Thursday, April 18, 2013

SHEDDING SEASON

We are into the shedding season now.  Baxter is getting rid of those extra layers of hair as summer approaches.  Needless to say, that means that there is a lot of extra cleaning at this time of the year.  Pet him and your hand collects a coating of hair.  Brush him and the instrument is loaded with excess hair loosened with every stroke.  Sometimes Baxter can just be moving from one spot to another, and if the sun is shining brightly, I can see the floating tufts of hair follow him as he goes.  Thankfully, the shredding season lasts only a couple of weeks, so it is all manageable.  There is no way around it, so I just accept it as part of cat care, and buy some extra lint rollers to avoid looking like a feline cousin.

This is shedding season for us as well.  We are shedding the heavy, bulking coats of winter for shorts and sandals.  We are leaving behind the salt and snow shovels for mulch and garden tools.  We are abandoning the indoors with their TV and computers, for the patio tables and lawn furniture of the back yard.  Nature affects the way we go about our lives, shedding the protections from winter for the lighter, freer style of warm summer days and evenings.

Easter calls us to shed some other coats as well.  Look to the first disciples for examples.  They had to let go of some of their ideas about God and His ways.  No one expected the resurrection of Jesus as the first followers encountered it.  They were looking for a Messiah who would free them from the Roman yoke and make them proud and prosperous again.  They were set free, but from more than military and political subjugation.  They were set free from their sin and from the fear of the powers of evil.  They felt like they had more of life's blessings, so they needed less of its material possessions and shared what they had more generously.  Their pride grew, but it was not in what they had done.  They came to witness to what God had done in Jesus for them and for everyone who would accept Him.  They had to shed those ideas that covered up how God really was the Lord of Life, and they had to travel more lightly with a deeper commitment to the power of God's grace to change others and the world.  Shedding their image of an avenging, mean-spirited God allowed them to be free of their fears, generous with their lives, and hopeful that God's ways would prevail, even if they didn't know how at the time.

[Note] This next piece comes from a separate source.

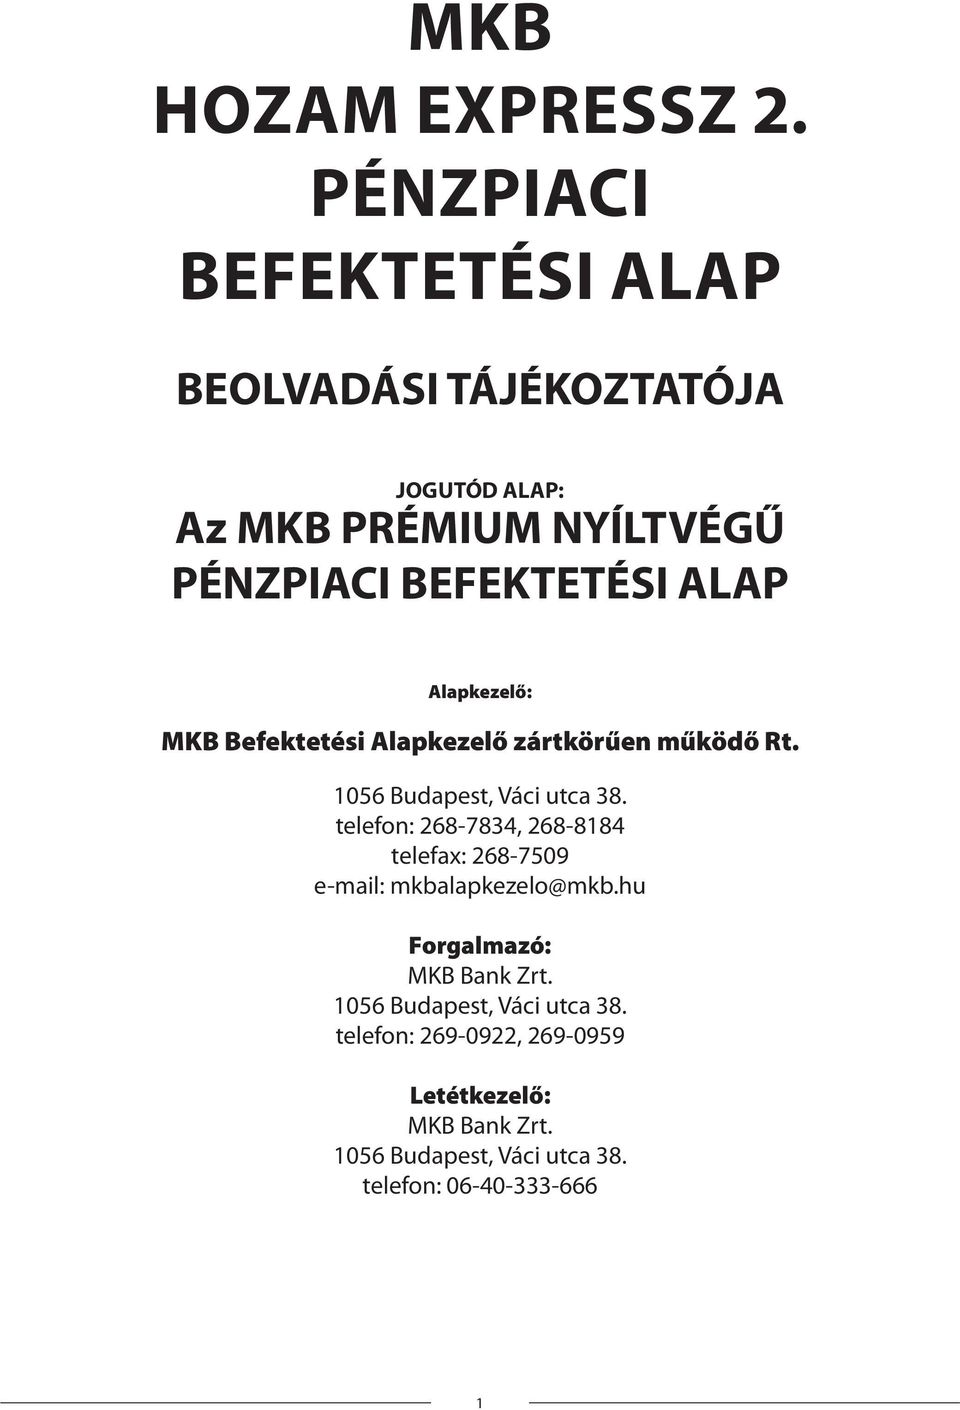 ALAP Alapkezelő: MKB Befektetési Alapkezelő zártkörűen működő Rt. 1056 Budapest, Váci utca 38.

Easter changed everything for the first disciples, and it can do so for us.  But we have to shed our cold, wintry hearts; our stubborn, closed minds; and our selfish, greedy attitudes.  In this way, our lighter spirits will allow the power of divine love to heal us and bring us peace.  Baxter's lighter coat leaves tufts of hair around the house, but our lighter spirits leave a reordered world where we can all find hope and confidence in God again.  If we put up with a little shedding of our egos, we will feel more comfortable in the warmth of divine love.